Running BAT_summarize
(again)
The next step was to run BAT_summarize
to see if summary bedGraph and text files would play well with BAT_overview.R
and BAT_DMRcalling
. I simply ran my script again and checked the number of columns in the output files:
(base) [yaamini.venkataraman@poseidon-l2 5_pop_diff]$ awk '{print NF}' *summary*bedgraph | head
10
10
10
10
10
10
10
10
10
10
There is no difference in the number of columns between the header and data rows! The output files can be found in this directory.
Trying BAT_overview
(again)
Moment of truth! I wanted to use one of the output bedGraphs to try BAT_overview
. If I end up with the same errors, then there is an another issue I am not aware of yet.

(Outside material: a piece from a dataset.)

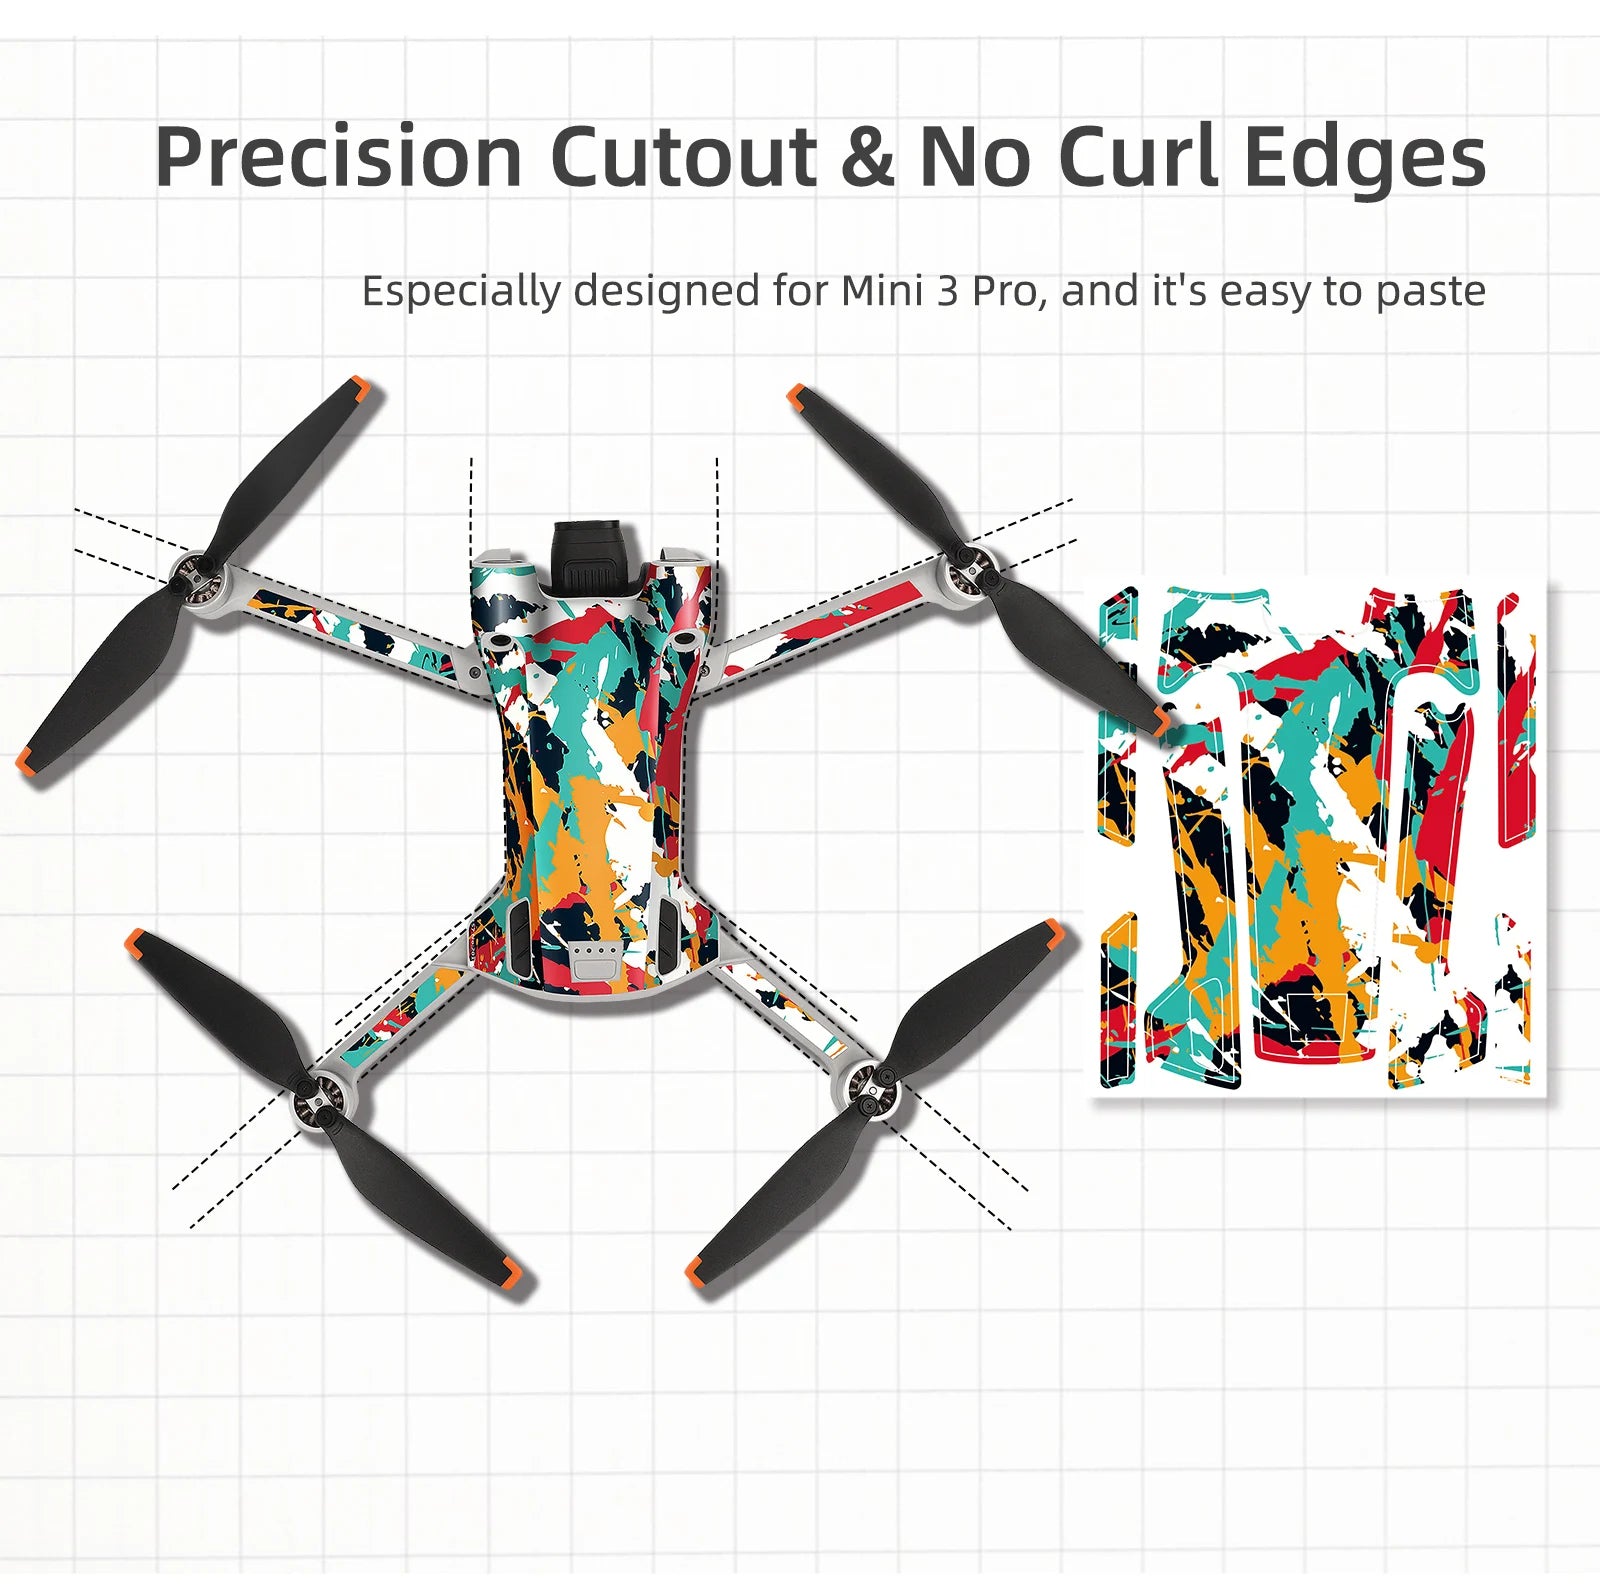 Precision Cutout & No Curl Edges Especially designed for Mini 3 Pro .

Singularity> BAT_overview.R \
> -i /scratch/05-analysis/summarize/all_pop/all_pop_summary_N_S.bedgraph \
> -o /scratch/05-analysis/overview/all_pop \
> --groups N,S
[INFO] Mon May 09, 11:37:42 AM, 2022 BAT_overview v0.1 started
[INFO] Mon May 09, 11:37:42 AM, 2022 Checking flags
[INFO] Mon May 09, 11:37:42 AM, 2022 Reading input /scratch/05-analysis/summarize/all_pop/all_pop_summary_N_S.bedgraph
[INFO] Mon May 09, 11:37:42 AM, 2022 Plot statistics to /scratch/05-analysis/overview/all_pop.pdf
IT WORKS. I drafted a new script for BAT_overview
and updated the environmental variable information. I then ran my SLURM script. Half of the contrasts produced output, while the other half didn’t:
Oxygen within NB: Normoxia vs. Hypoxia
[INFO] Mon May 09, 12:04:56 PM, 2022 BAT_overview v0.1 started
[INFO] Mon May 09, 12:04:56 PM, 2022 Checking flags
[INFO] Mon May 09, 12:04:56 PM, 2022 Reading input /scratch/05-analysis/summarize/20_5_N/N_summary_20_5.bedgraph
Error in main() :
Required group identfier for group 1 not found in input.
Execution halted
Oxygen within NB: Normoxia vs. OC
[INFO] Mon May 09, 12:04:56 PM, 2022 BAT_overview v0.1 started
[INFO] Mon May 09, 12:04:56 PM, 2022 Checking flags
[INFO] Mon May 09, 12:04:56 PM, 2022 Reading input /scratch/05-analysis/summarize/20_OC_N/N_summary_20_OC.bedgraph
Error in main() :
Required group identfier for group 1 not found in input.
Execution halted
Oxygen within SC: Normoxia vs. Hypoxia
[INFO] Mon May 09, 12:04:56 PM, 2022 BAT_overview v0.1 started
[INFO] Mon May 09, 12:04:56 PM, 2022 Checking flags
[INFO] Mon May 09, 12:04:56 PM, 2022 Reading input /scratch/05-analysis/summarize/20_5_S/S_summary_20_5.bedgraph
Error in main() :
Required group identfier for group 1 not found in input.
Execution halted
Oxygen within SC: Normoxia vs. OC
[INFO] Mon May 09, 12:04:57 PM, 2022 BAT_overview v0.1 started
[INFO] Mon May 09, 12:04:57 PM, 2022 Checking flags
[INFO] Mon May 09, 12:04:57 PM, 2022 Reading input /scratch/05-analysis/summarize/20_OC_S/S_summary_20_OC.bedgraph
Error in main() :
Required group identfier for group 1 not found in input.
Execution halted
It seems like “20” may not be an appropriate group identifier? I went back to my BAT_summarize
code and used “NO” and “HY” to specify normoxia and hypoxia, respectively. I made the same change in my BAT_overview
code. I reran BAT_summarize
and BAT_overview
for these contrasts and it worked! The BAT_overview
output can be found in this directory.
BAT_overview
results
I looked through the pdfs produced by BAT_overview
and there were some things I noticed:
- The hierarchical clustering didn’t perfectly distinguish between the groups I was comparing (population or oxygen condition). This isn’t a big problem when comparing normoxia vs. outside control, but strange when comparing the two populations or normoxia vs. hypoxia (Note: clustering was done using a euclidean distance matrix and Ward method).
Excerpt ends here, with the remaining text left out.